WHAT IS REQUIRED>
Copy only what lies from the line containing "Perceeloppervlakte Gerard Philipestraat" through the line containing "Laptop Dell Inspiron" in the entries below, keeping both end lines exact and dropping every picture.

EXTRACTED MATERIAL>
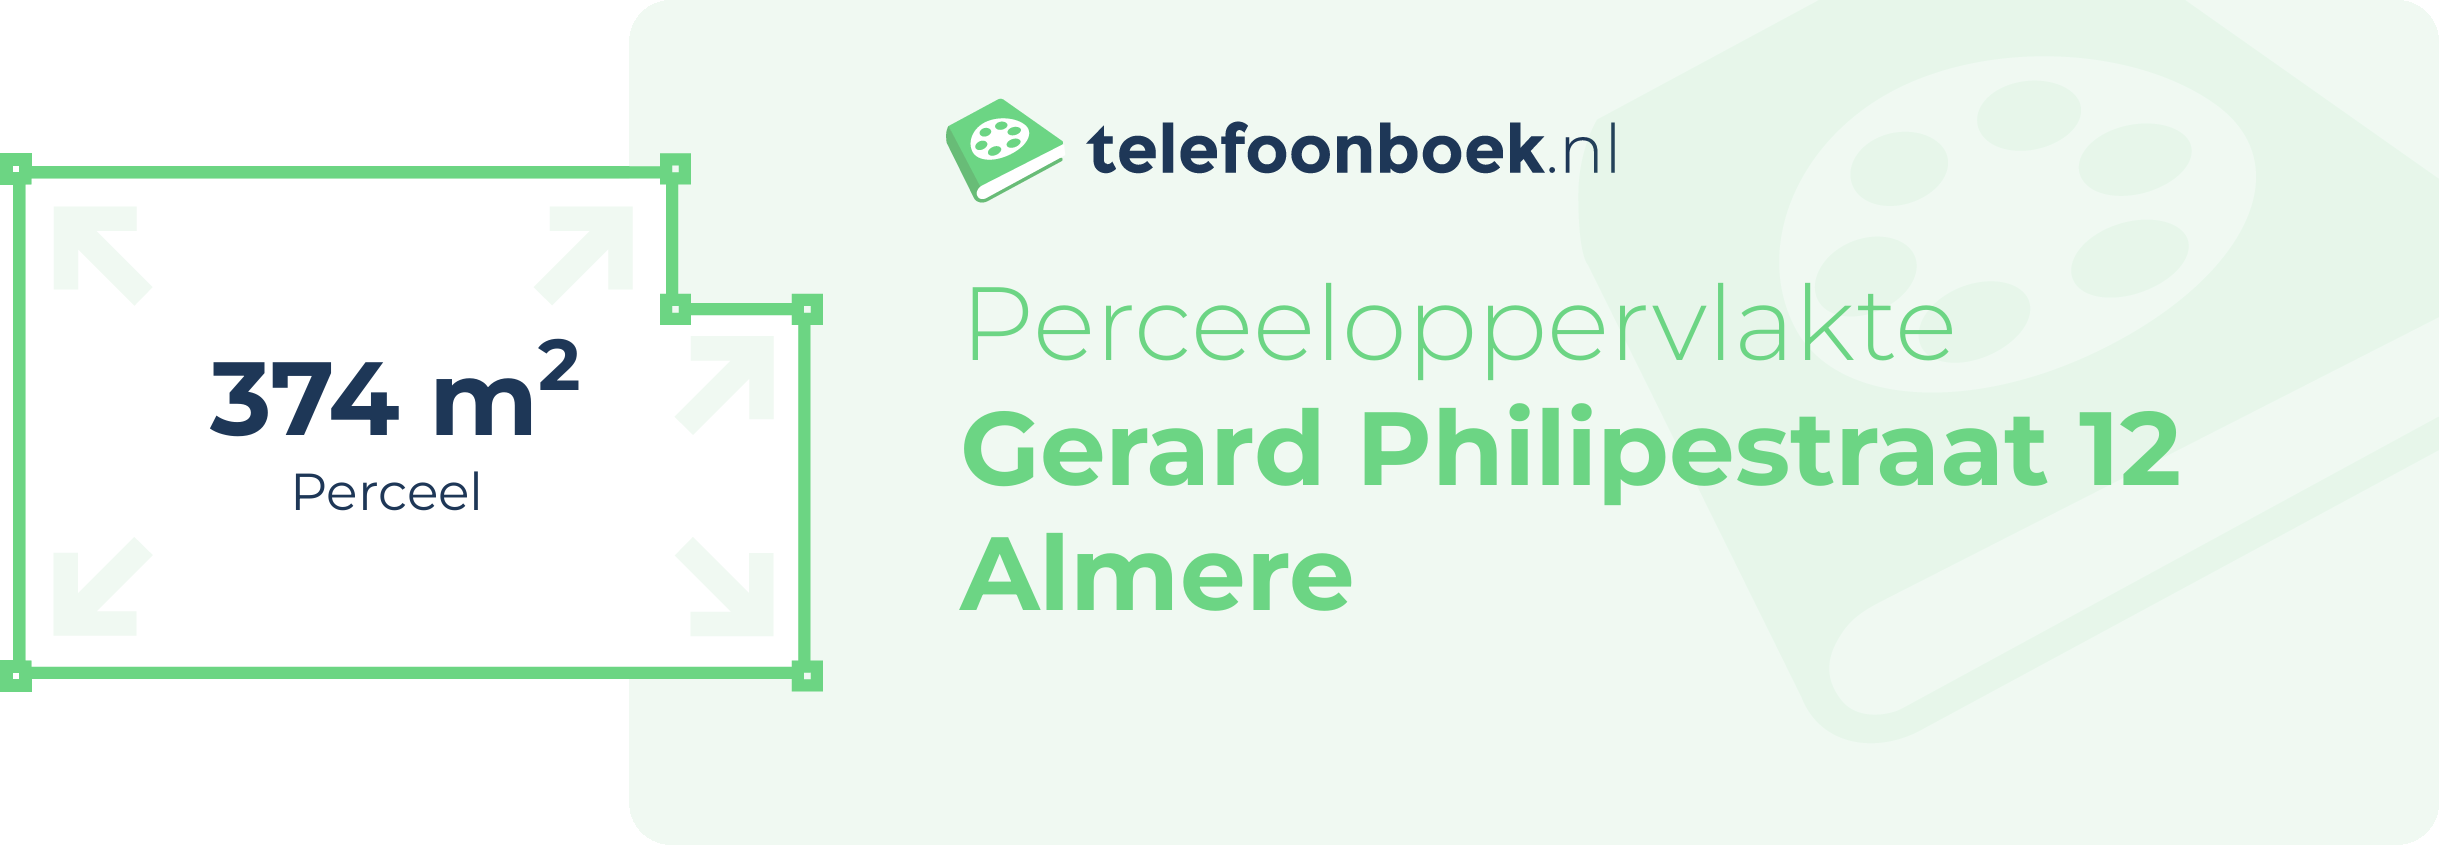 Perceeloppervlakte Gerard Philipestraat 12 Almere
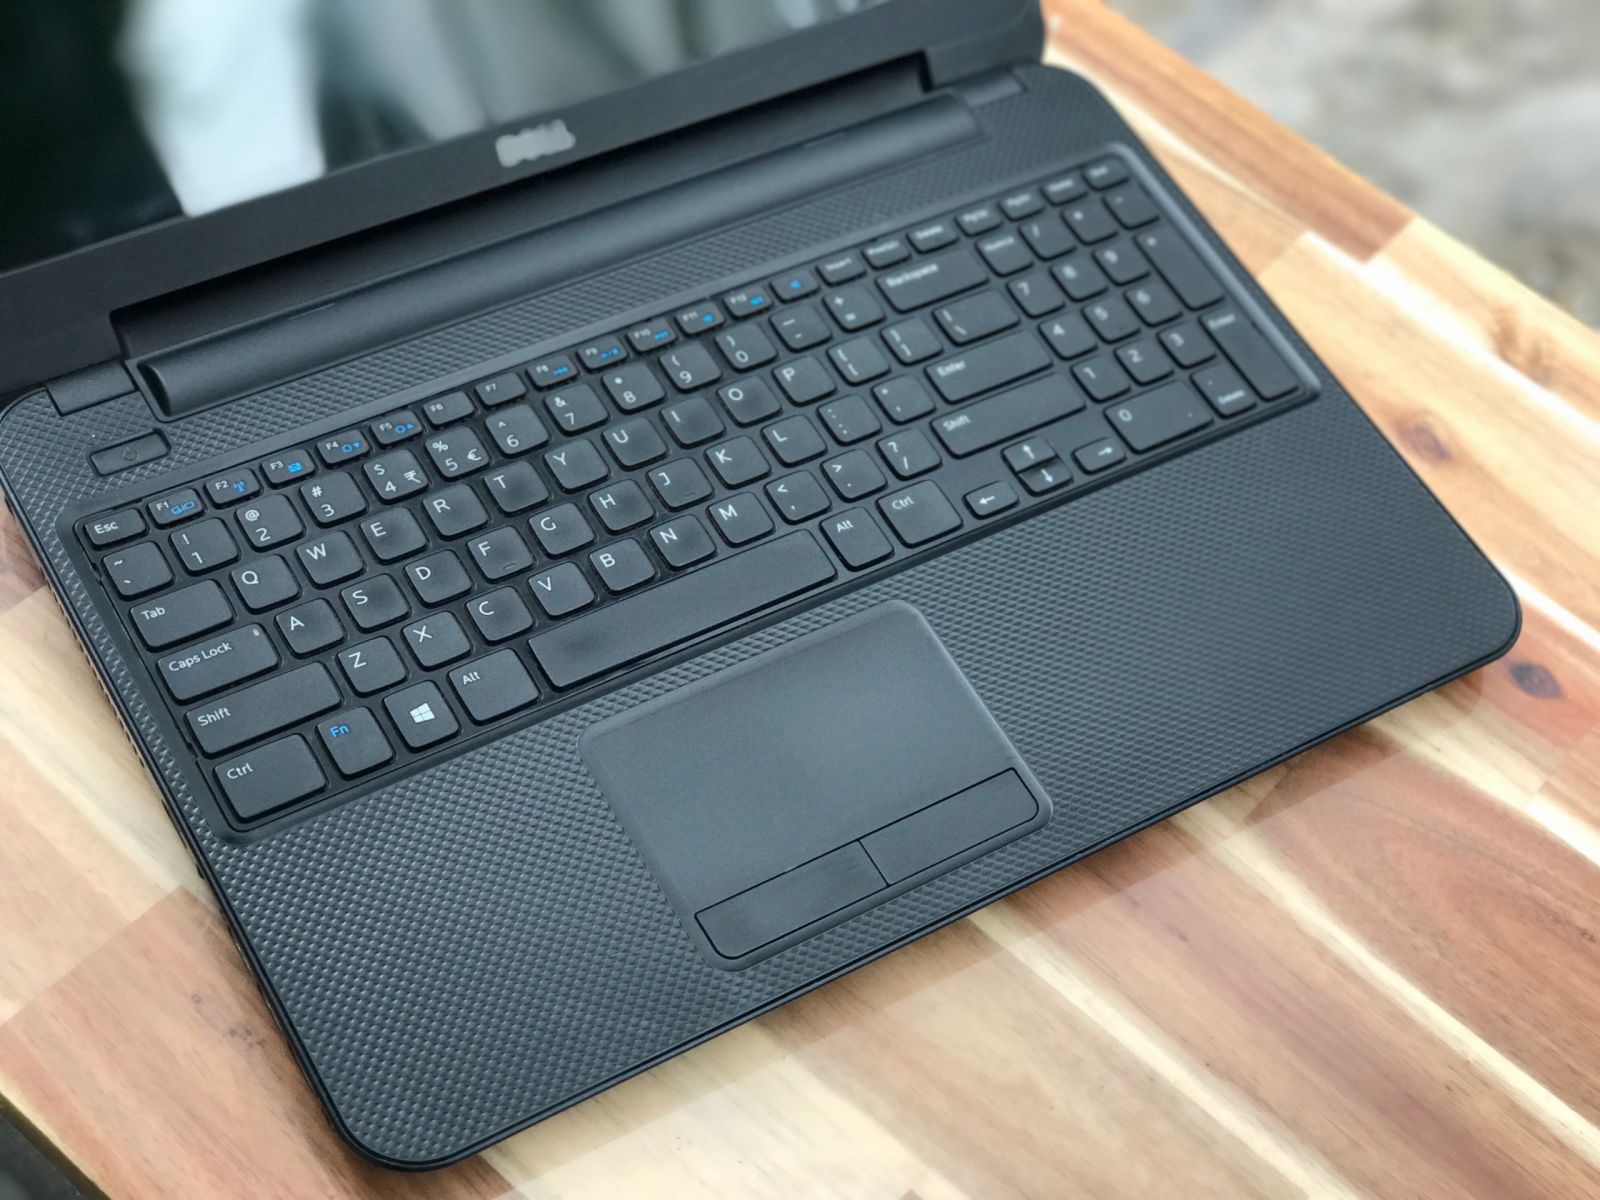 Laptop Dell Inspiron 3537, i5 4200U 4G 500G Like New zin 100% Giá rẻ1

---

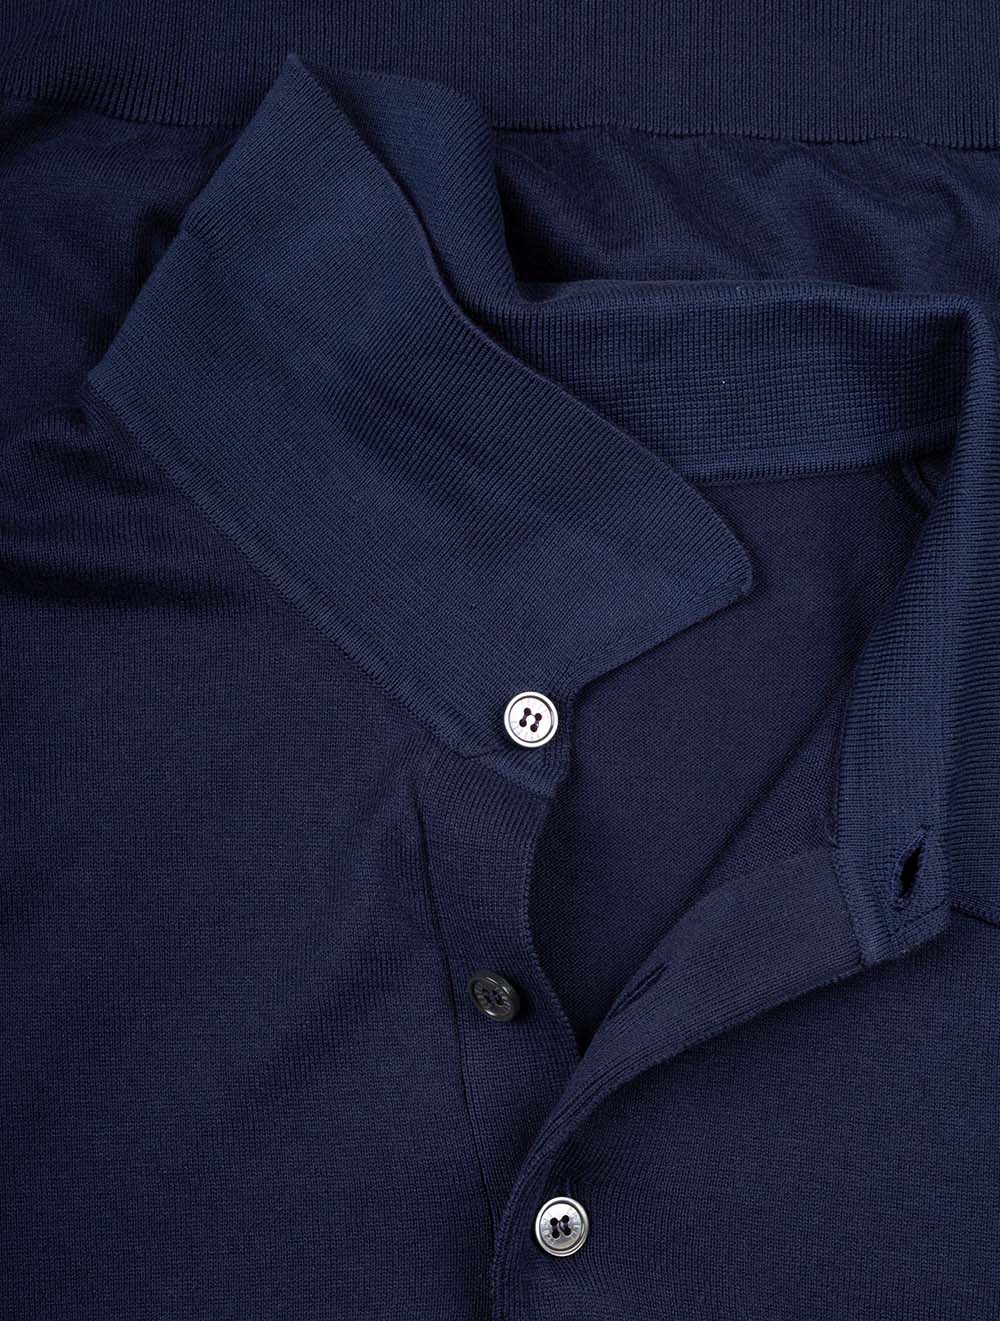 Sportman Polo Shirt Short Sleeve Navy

* * *

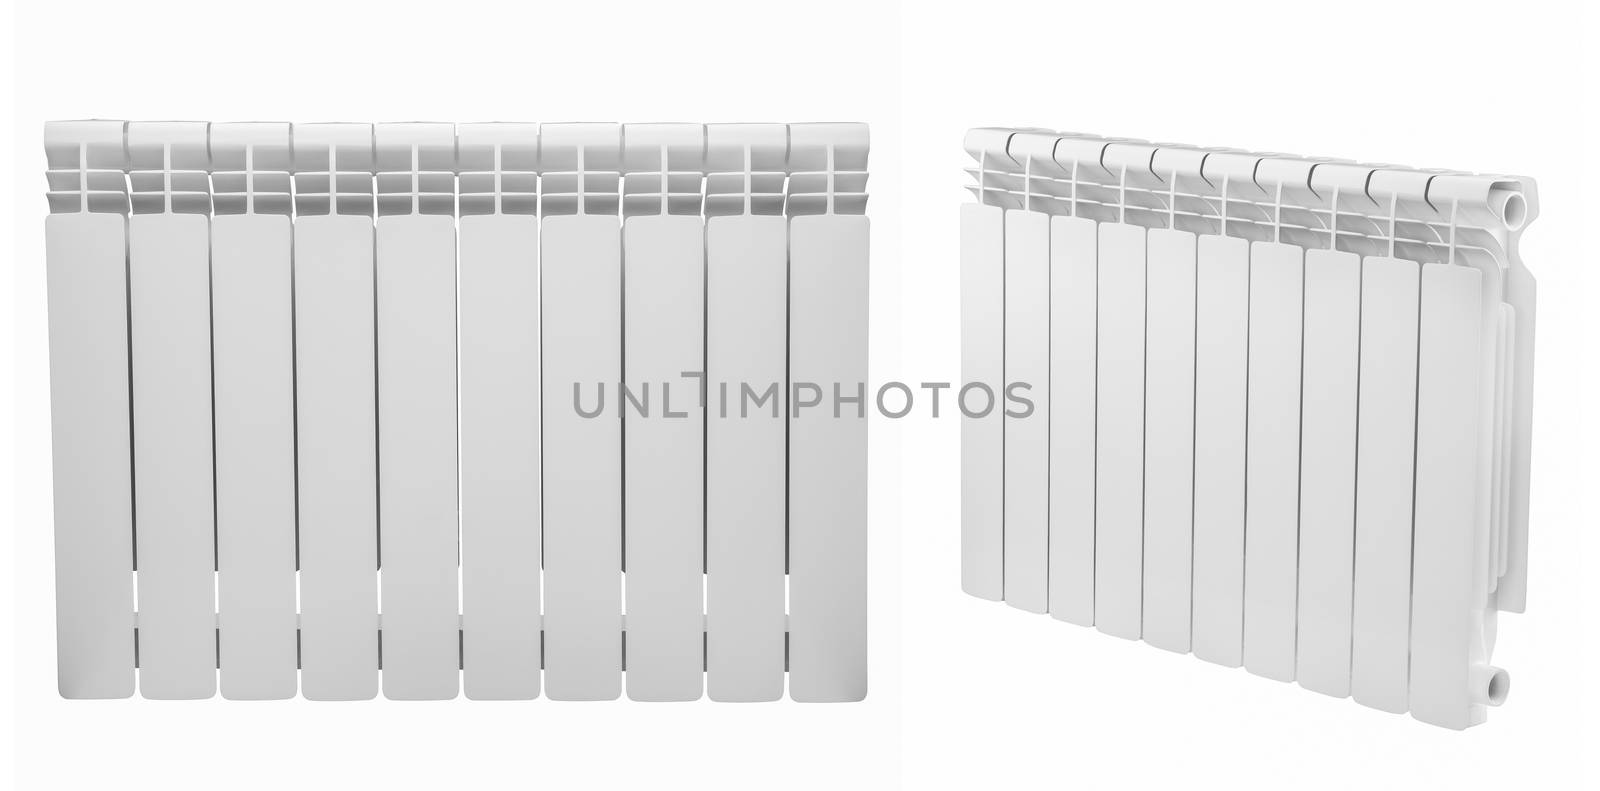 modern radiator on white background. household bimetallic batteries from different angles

OUTPUT OF THE EXERCISE>
 Perceeloppervlakte Gerard Philipestraat 12 Almere
 Laptop Dell Inspiron 3537, i5 4200U 4G 500G Like New zin 100% Giá rẻ1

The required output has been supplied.